Material provided:

——————

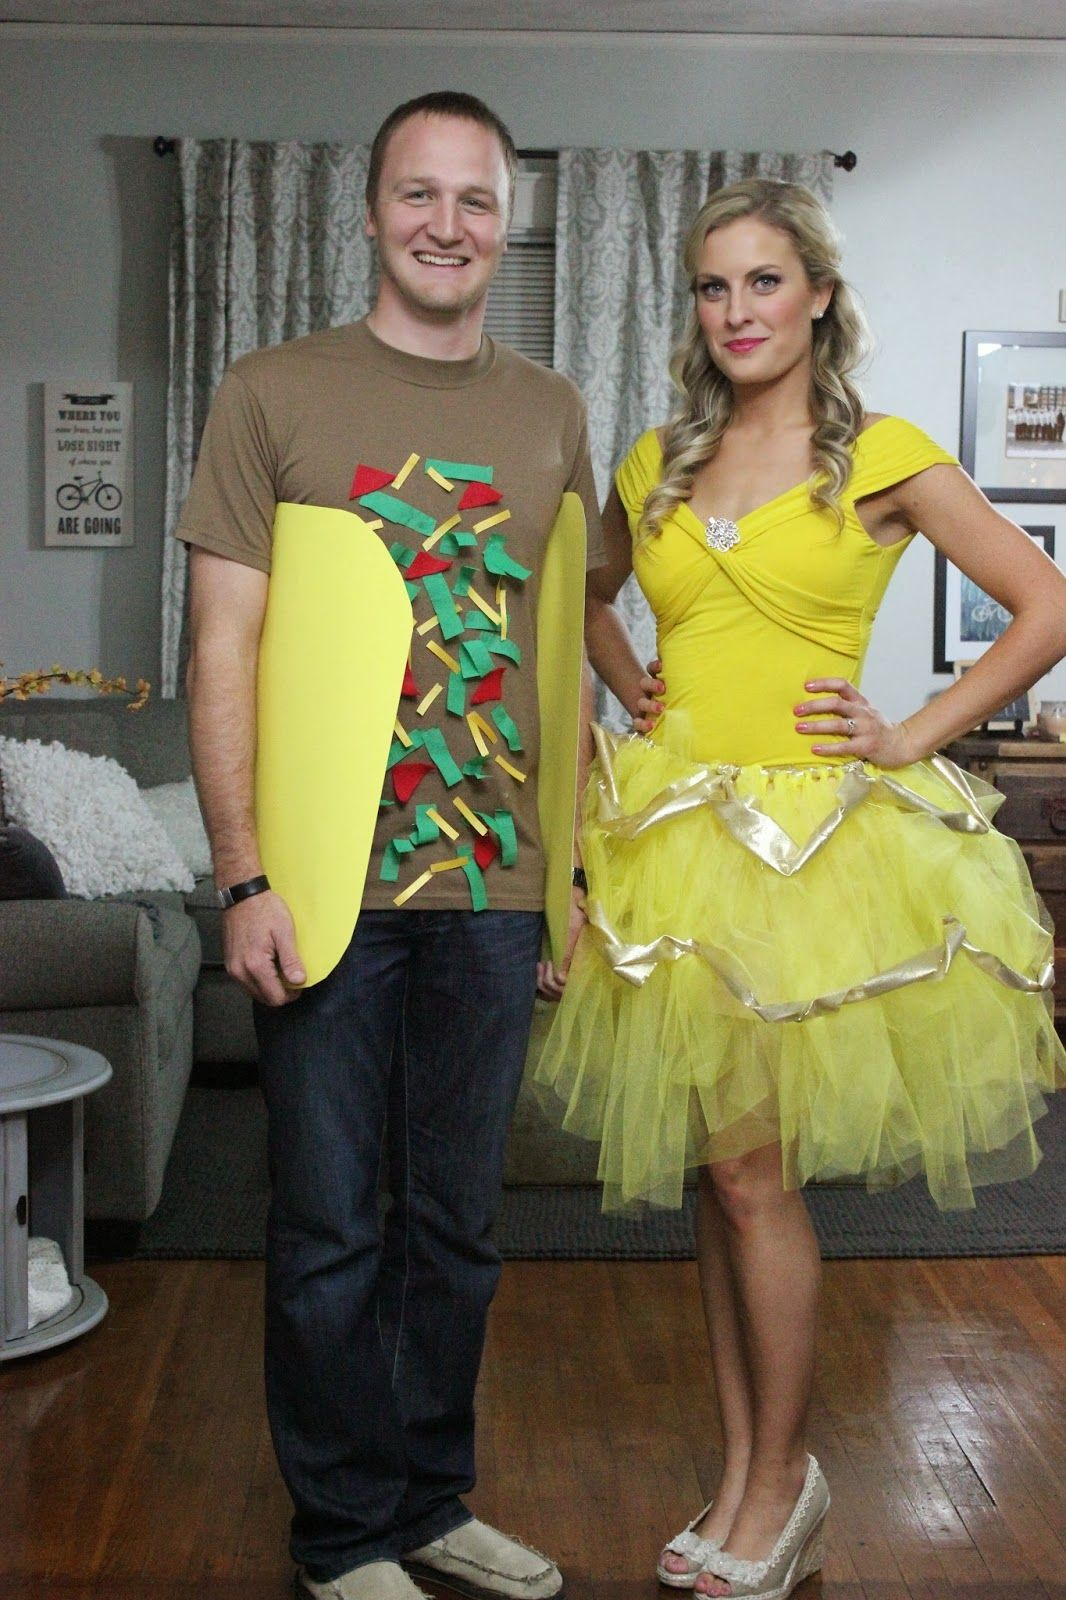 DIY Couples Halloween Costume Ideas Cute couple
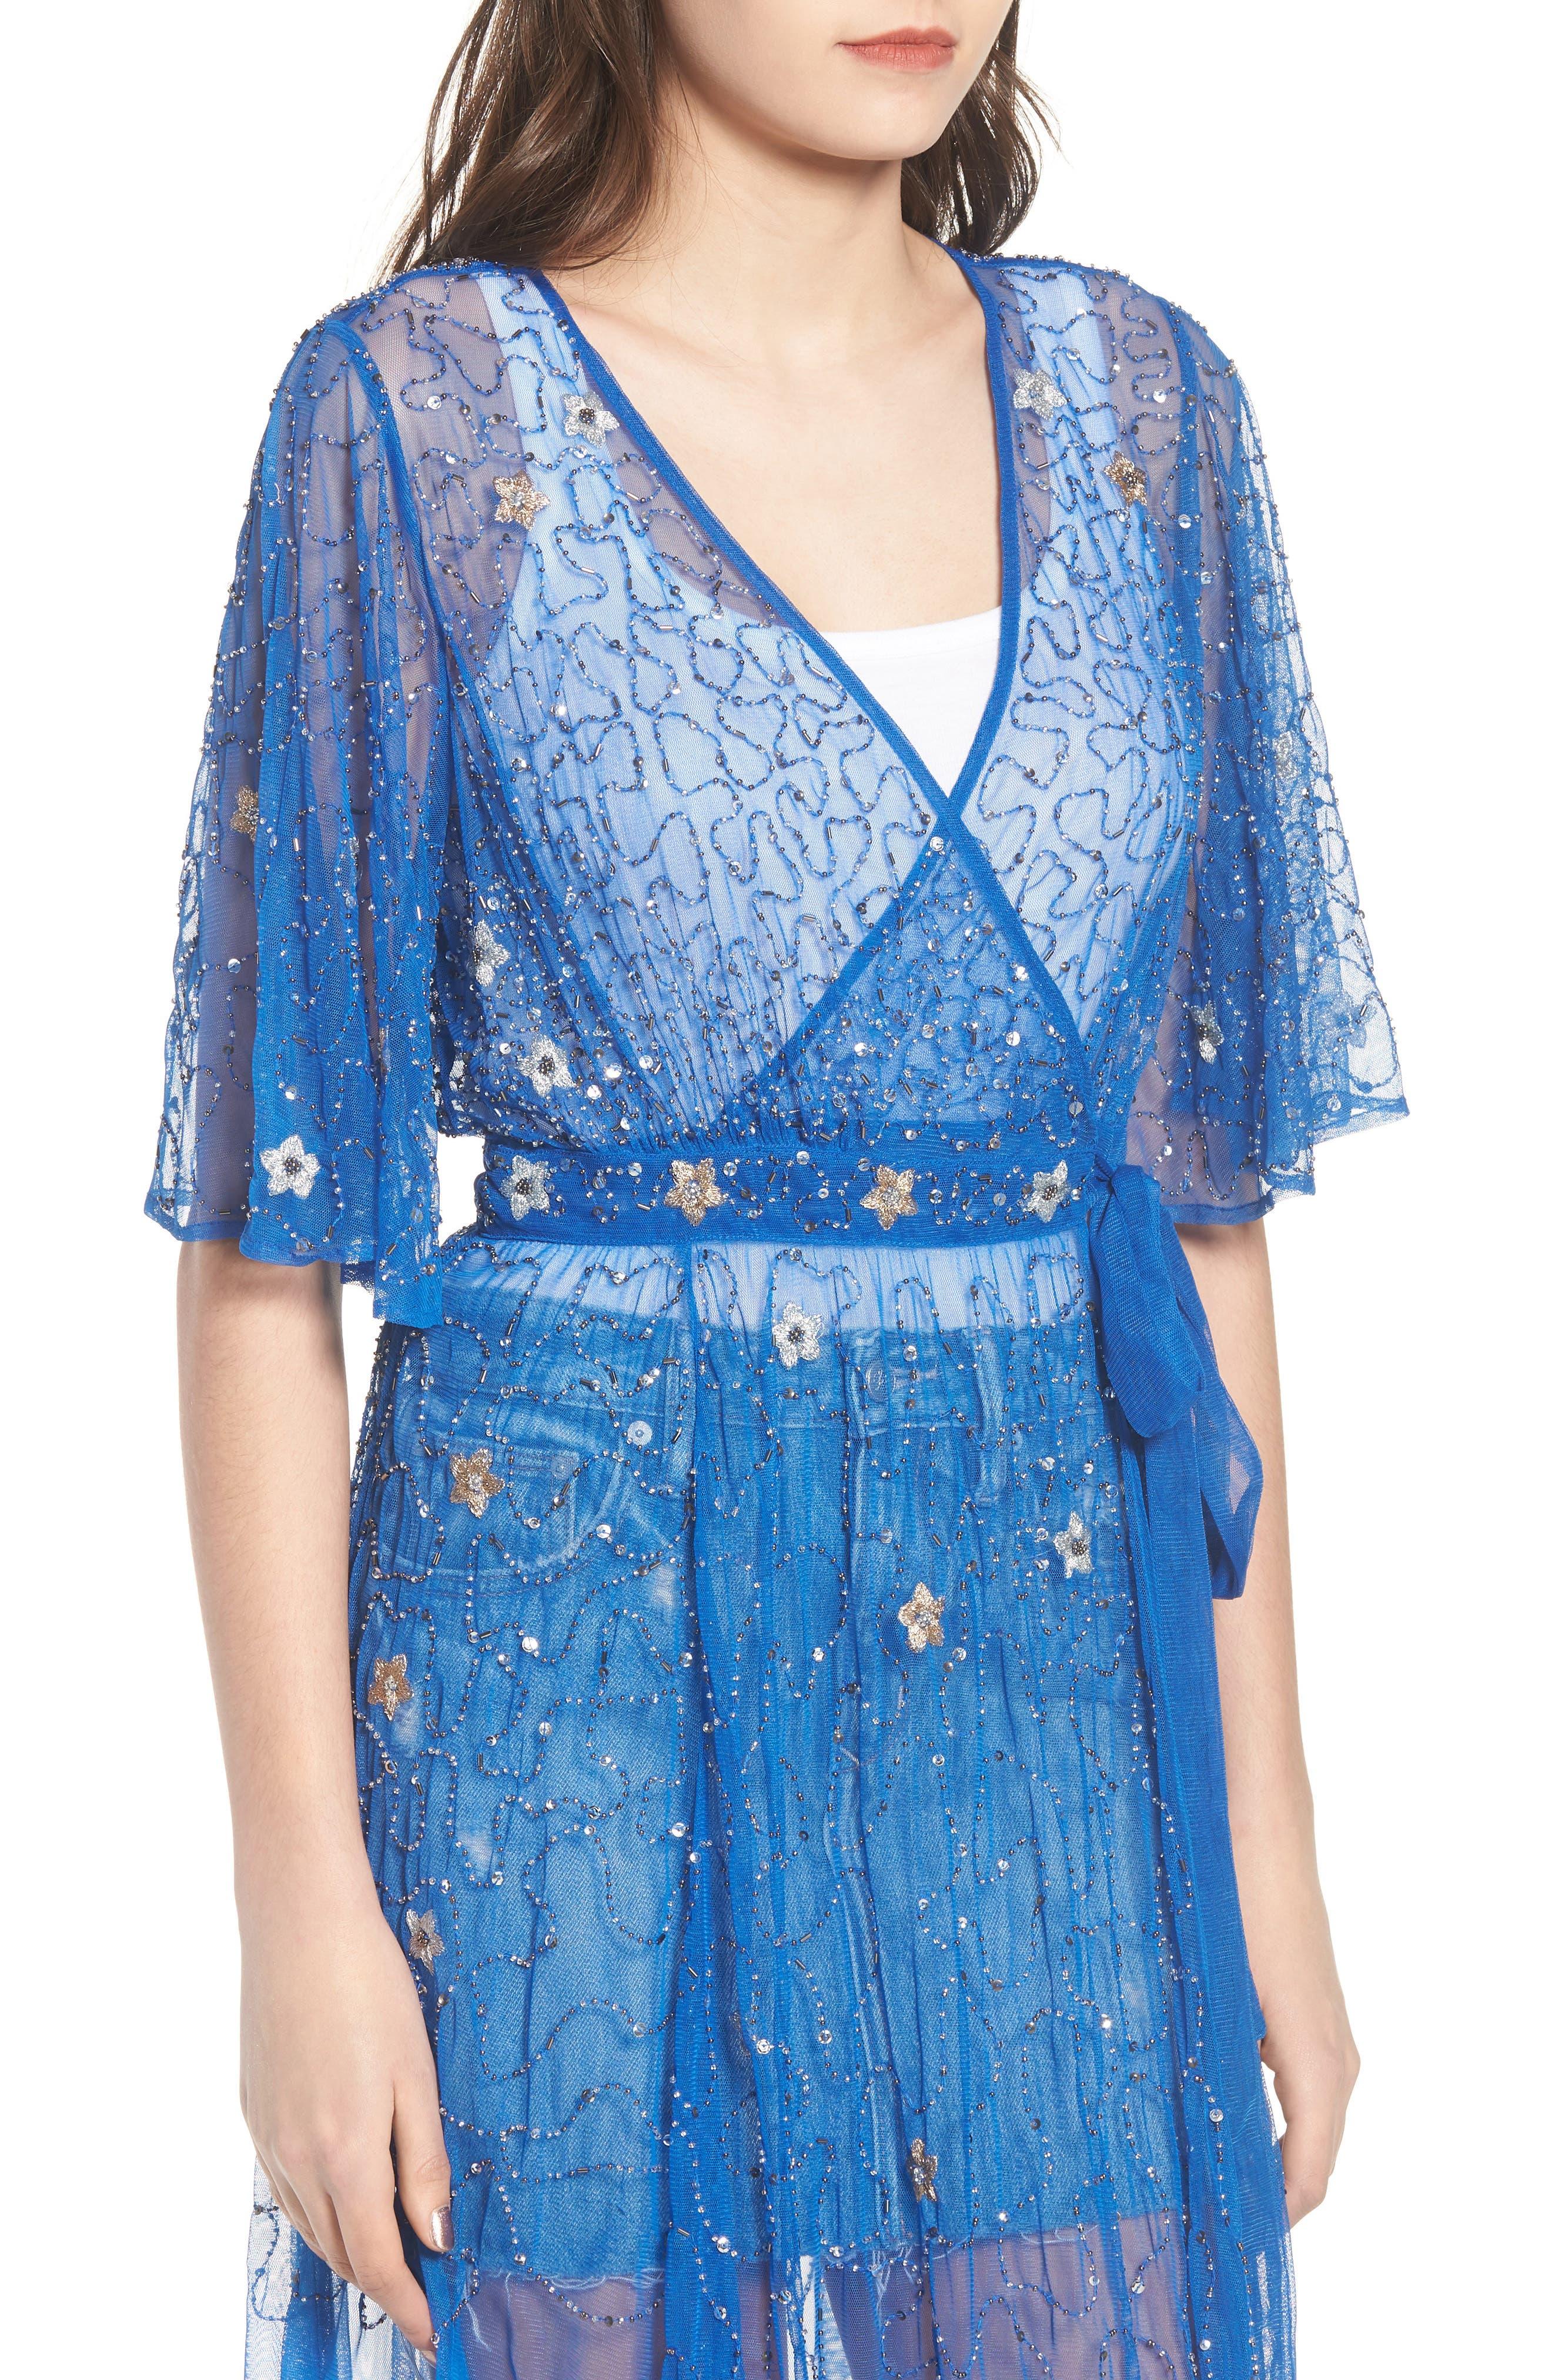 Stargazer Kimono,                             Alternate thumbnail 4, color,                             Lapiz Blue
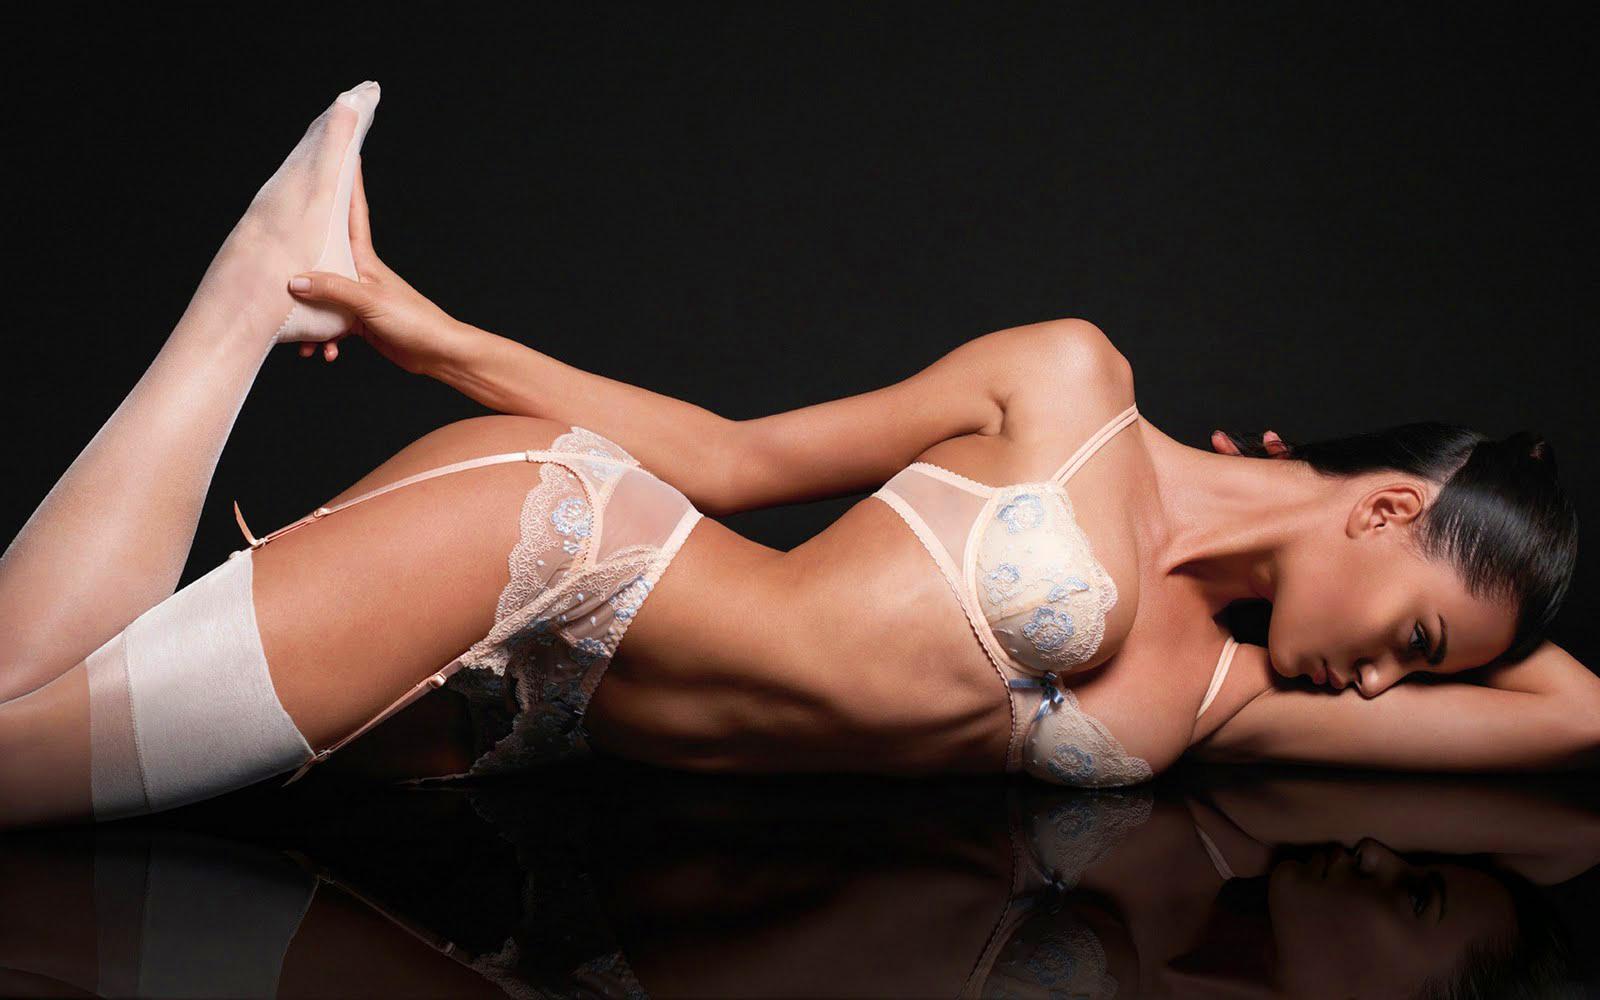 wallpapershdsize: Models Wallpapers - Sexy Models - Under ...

——————

Task requirements: Please retype the data exactly as it appears, but without any of its pictures.

Answer:
 DIY Couples Halloween Costume Ideas Cute couple
 Stargazer Kimono,                             Alternate thumbnail 4, color,                             Lapiz Blue
 wallpapershdsize: Models Wallpapers - Sexy Models - Under ...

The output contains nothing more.